Return each line exactly as written. Begin with the first line of the entries and end with the line that has "Healthy Lemon Coconut".

(Dataset excerpts)
↓↓↓

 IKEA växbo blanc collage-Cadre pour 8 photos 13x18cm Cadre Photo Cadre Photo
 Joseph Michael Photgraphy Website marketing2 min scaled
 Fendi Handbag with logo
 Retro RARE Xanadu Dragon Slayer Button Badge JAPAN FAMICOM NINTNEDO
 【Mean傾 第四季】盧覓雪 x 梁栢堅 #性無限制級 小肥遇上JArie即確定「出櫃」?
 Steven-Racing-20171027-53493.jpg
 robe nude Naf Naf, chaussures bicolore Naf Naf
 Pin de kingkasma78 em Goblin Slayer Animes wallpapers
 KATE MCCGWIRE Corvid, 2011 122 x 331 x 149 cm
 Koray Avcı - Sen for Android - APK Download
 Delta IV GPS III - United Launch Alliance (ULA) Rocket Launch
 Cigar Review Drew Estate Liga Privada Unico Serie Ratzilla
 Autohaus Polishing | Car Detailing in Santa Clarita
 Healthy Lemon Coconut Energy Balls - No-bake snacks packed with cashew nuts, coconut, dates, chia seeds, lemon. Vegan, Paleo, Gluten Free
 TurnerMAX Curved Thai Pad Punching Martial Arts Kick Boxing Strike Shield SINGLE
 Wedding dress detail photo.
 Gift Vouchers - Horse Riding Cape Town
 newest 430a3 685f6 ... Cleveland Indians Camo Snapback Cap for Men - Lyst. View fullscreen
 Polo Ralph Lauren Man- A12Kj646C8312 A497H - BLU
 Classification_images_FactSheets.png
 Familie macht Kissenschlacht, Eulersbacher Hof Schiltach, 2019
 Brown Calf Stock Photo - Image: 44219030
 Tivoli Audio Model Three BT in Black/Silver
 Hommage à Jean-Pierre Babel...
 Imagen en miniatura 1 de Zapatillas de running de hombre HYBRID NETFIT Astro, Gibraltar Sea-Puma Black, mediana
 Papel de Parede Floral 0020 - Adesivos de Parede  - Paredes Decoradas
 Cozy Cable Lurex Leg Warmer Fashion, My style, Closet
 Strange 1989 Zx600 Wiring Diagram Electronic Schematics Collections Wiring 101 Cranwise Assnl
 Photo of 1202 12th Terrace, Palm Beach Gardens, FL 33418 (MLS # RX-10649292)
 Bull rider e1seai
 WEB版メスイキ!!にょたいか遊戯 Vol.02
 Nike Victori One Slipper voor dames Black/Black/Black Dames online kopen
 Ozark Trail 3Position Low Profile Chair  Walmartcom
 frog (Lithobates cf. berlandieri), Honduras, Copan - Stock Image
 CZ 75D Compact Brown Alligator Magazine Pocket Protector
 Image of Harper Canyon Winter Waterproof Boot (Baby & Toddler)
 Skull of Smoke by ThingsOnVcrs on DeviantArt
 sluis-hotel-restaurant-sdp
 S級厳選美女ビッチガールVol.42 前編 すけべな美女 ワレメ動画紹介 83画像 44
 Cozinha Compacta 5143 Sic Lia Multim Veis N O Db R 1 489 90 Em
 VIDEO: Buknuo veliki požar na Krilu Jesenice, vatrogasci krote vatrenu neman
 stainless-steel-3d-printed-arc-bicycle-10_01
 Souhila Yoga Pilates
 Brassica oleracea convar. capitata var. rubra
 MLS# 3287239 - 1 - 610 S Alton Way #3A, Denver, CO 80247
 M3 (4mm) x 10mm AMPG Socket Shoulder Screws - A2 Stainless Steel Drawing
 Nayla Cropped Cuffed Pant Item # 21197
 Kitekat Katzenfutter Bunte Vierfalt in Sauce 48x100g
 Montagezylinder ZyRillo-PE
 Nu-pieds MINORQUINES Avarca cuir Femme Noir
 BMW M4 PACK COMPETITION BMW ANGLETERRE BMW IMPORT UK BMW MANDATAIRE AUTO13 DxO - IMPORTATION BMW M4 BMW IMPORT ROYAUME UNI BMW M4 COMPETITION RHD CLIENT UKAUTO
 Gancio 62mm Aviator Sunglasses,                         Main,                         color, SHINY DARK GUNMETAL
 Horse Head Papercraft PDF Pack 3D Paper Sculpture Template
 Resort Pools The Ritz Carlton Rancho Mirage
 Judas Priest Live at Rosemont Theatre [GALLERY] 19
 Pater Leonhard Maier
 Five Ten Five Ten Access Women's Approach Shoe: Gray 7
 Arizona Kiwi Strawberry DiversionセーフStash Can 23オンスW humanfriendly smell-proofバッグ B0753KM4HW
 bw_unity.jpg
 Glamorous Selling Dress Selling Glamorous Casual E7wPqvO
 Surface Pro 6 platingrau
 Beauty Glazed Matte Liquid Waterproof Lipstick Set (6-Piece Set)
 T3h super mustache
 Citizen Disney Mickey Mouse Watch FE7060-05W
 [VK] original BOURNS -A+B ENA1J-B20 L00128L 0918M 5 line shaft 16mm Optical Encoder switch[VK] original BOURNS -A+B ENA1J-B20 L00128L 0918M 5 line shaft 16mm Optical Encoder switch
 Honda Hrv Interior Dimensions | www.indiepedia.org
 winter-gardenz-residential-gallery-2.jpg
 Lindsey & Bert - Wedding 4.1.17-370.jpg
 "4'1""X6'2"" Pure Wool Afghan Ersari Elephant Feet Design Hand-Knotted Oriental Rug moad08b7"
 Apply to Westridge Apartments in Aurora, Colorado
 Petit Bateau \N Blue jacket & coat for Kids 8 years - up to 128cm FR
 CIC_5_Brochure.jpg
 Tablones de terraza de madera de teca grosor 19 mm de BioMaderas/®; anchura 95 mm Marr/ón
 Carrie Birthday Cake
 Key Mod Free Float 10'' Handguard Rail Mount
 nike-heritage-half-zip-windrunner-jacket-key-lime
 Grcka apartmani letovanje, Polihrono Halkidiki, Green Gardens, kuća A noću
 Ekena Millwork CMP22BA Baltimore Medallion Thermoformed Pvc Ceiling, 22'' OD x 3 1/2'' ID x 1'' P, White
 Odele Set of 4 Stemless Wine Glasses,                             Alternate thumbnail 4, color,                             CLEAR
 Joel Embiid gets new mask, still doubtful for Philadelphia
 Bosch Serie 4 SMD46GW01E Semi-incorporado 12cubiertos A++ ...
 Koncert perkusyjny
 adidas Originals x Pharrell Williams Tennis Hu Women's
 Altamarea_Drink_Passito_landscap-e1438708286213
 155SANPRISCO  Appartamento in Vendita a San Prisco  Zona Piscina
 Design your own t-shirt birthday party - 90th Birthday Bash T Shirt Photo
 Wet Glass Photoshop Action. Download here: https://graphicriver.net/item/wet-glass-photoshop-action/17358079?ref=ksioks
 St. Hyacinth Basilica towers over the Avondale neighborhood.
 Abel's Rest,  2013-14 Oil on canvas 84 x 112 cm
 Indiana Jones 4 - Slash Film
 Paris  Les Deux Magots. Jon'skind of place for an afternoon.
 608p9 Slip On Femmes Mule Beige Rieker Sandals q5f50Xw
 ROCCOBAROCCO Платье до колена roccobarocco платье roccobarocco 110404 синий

↑↑↑

Task output:
 IKEA växbo blanc collage-Cadre pour 8 photos 13x18cm Cadre Photo Cadre Photo
 Joseph Michael Photgraphy Website marketing2 min scaled
 Fendi Handbag with logo
 Retro RARE Xanadu Dragon Slayer Button Badge JAPAN FAMICOM NINTNEDO
 【Mean傾 第四季】盧覓雪 x 梁栢堅 #性無限制級 小肥遇上JArie即確定「出櫃」?
 Steven-Racing-20171027-53493.jpg
 robe nude Naf Naf, chaussures bicolore Naf Naf
 Pin de kingkasma78 em Goblin Slayer Animes wallpapers
 KATE MCCGWIRE Corvid, 2011 122 x 331 x 149 cm
 Koray Avcı - Sen for Android - APK Download
 Delta IV GPS III - United Launch Alliance (ULA) Rocket Launch
 Cigar Review Drew Estate Liga Privada Unico Serie Ratzilla
 Autohaus Polishing | Car Detailing in Santa Clarita
 Healthy Lemon Coconut Energy Balls - No-bake snacks packed with cashew nuts, coconut, dates, chia seeds, lemon. Vegan, Paleo, Gluten Free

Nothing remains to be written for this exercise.